▶ **WORK TO COMPLETE**
Would you write out the listing verbatim and skip every picture in it?

▶ **INFORMATION SHOWN**

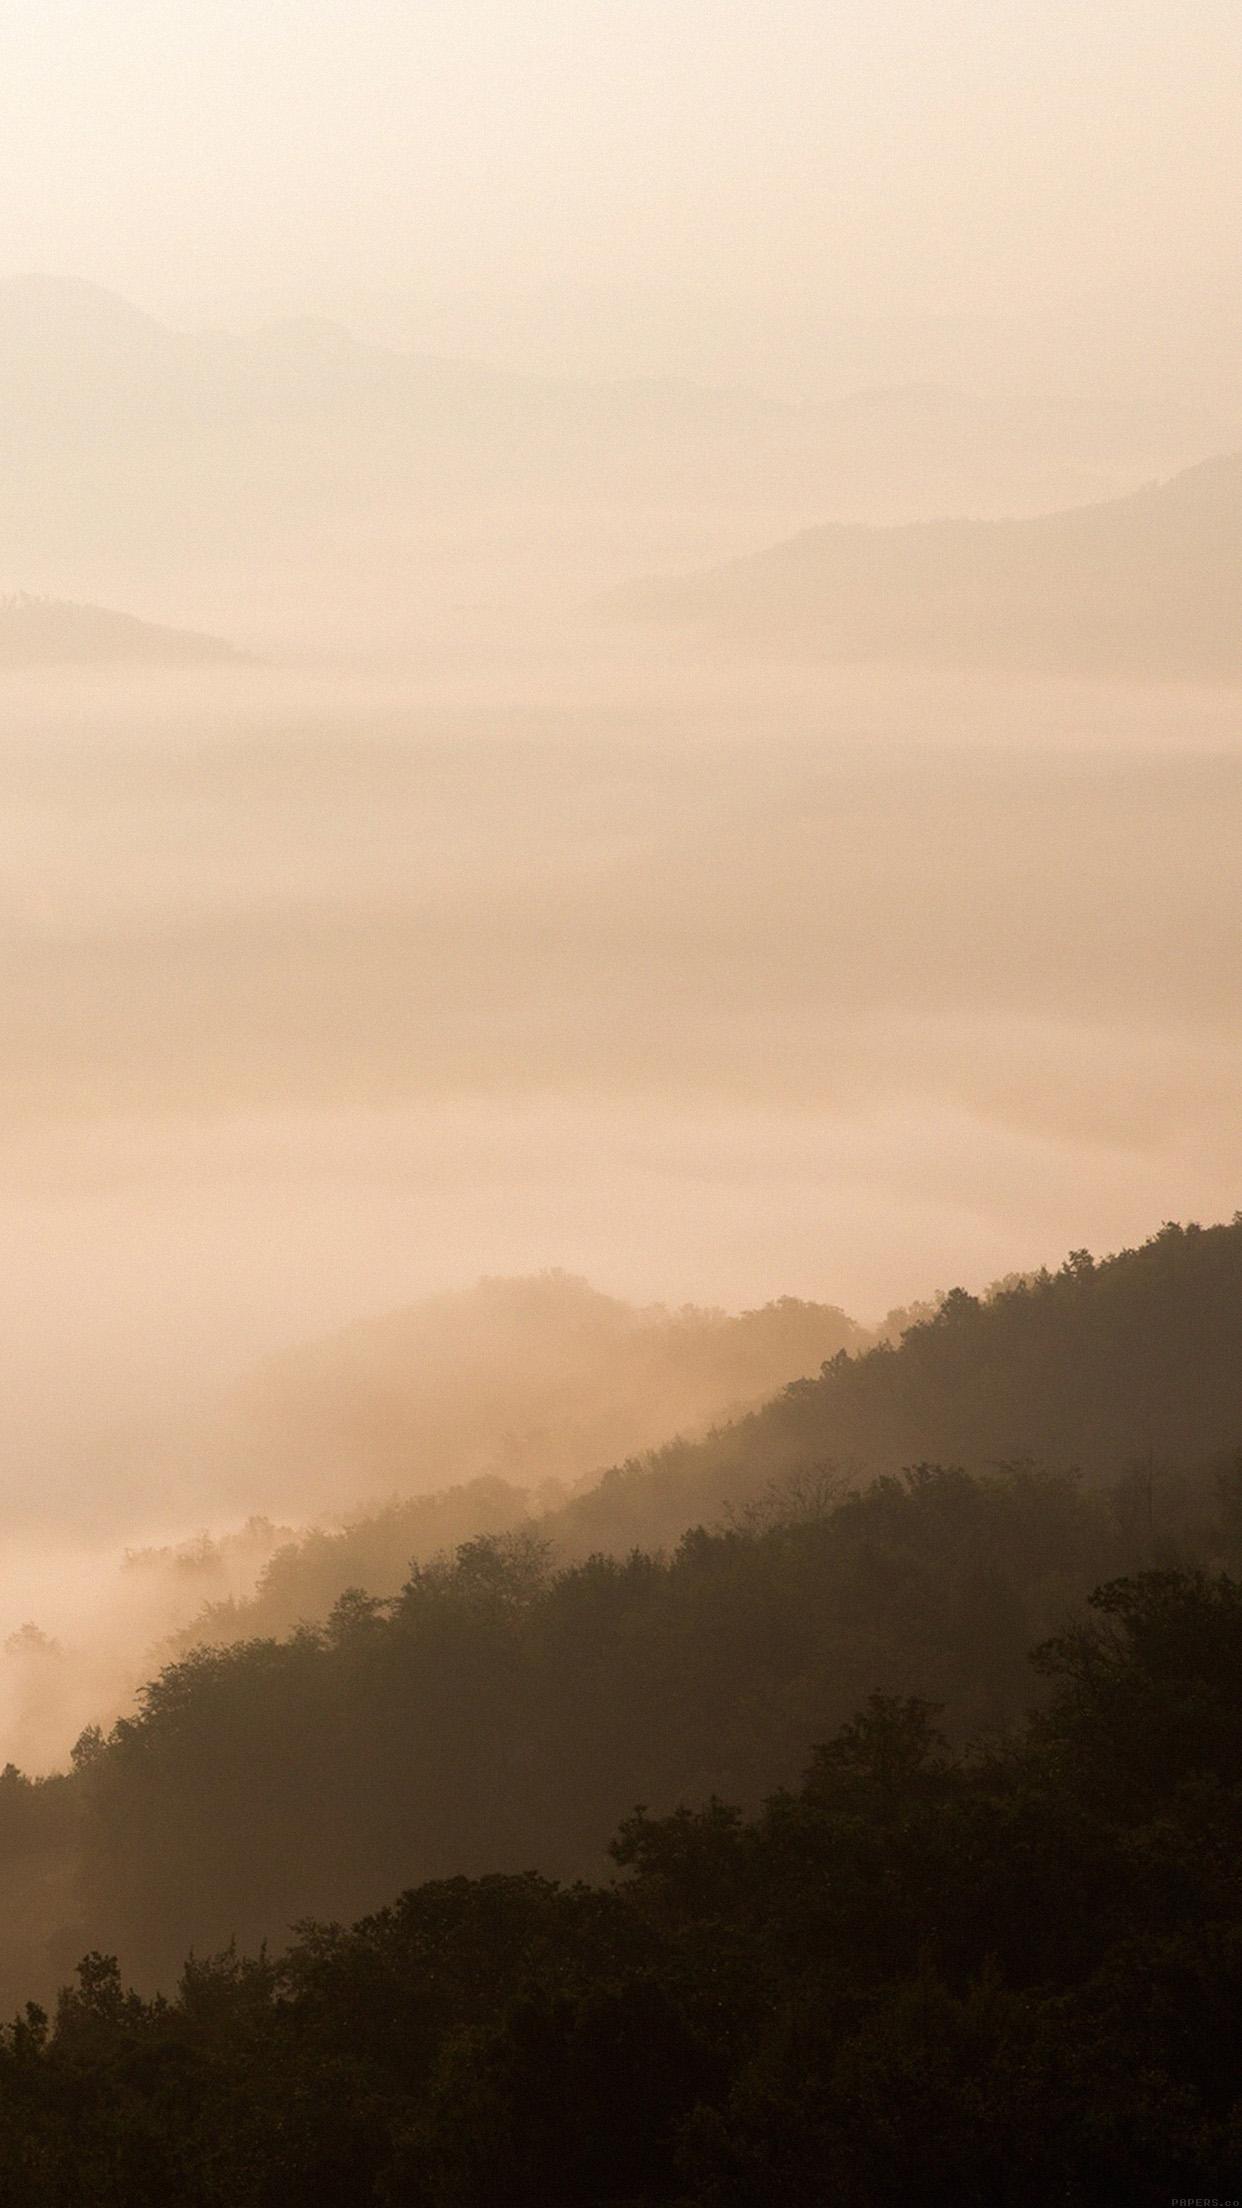 Must see Wallpaper Mountain Fog - Mountain-Fog-Yellow-Nature  Photograph_481488.jpg
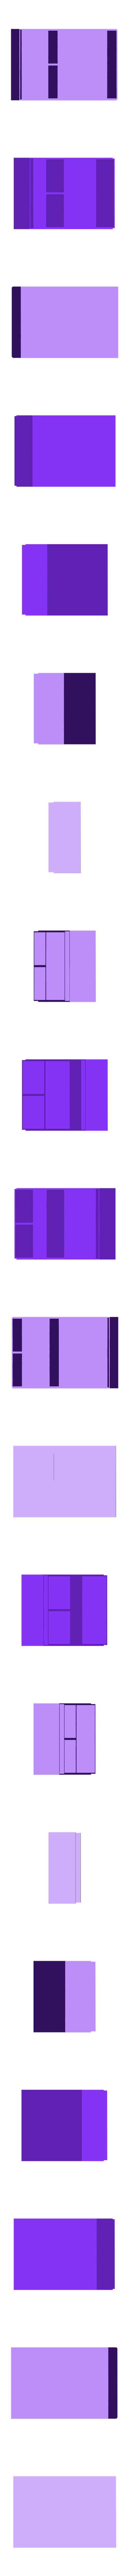 Nexus_Ops_-_Utility_Base.stl Download free STL file Nexus Ops Insert Cases • 3D printing object, Hardcore3D
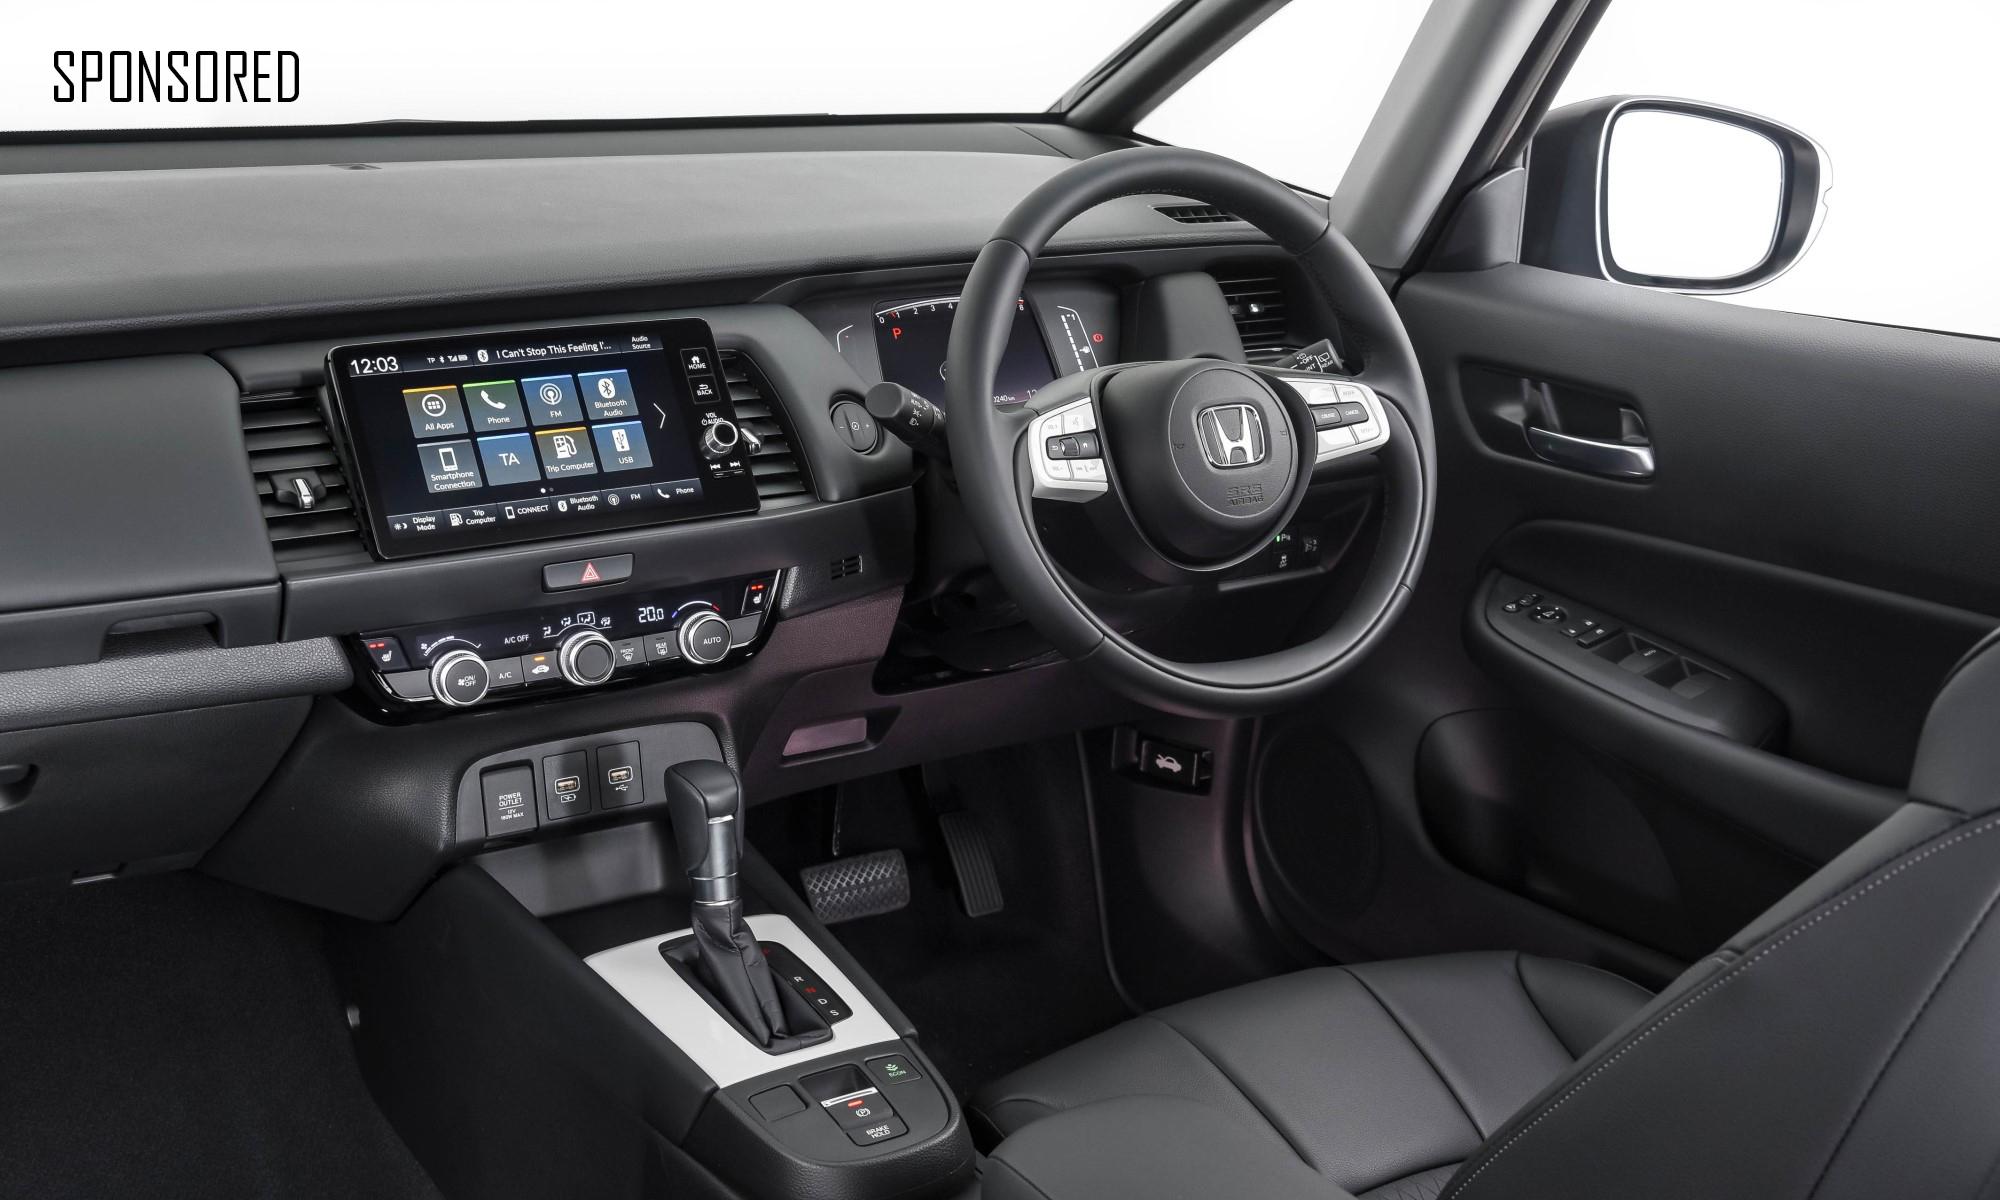 New Honda Fit interior

▶ **REPLY TO THE EXERCISE**
 Must see Wallpaper Mountain Fog - Mountain-Fog-Yellow-Nature  Photograph_481488.jpg
 Nexus_Ops_-_Utility_Base.stl Download free STL file Nexus Ops Insert Cases • 3D printing object, Hardcore3D
 New Honda Fit interior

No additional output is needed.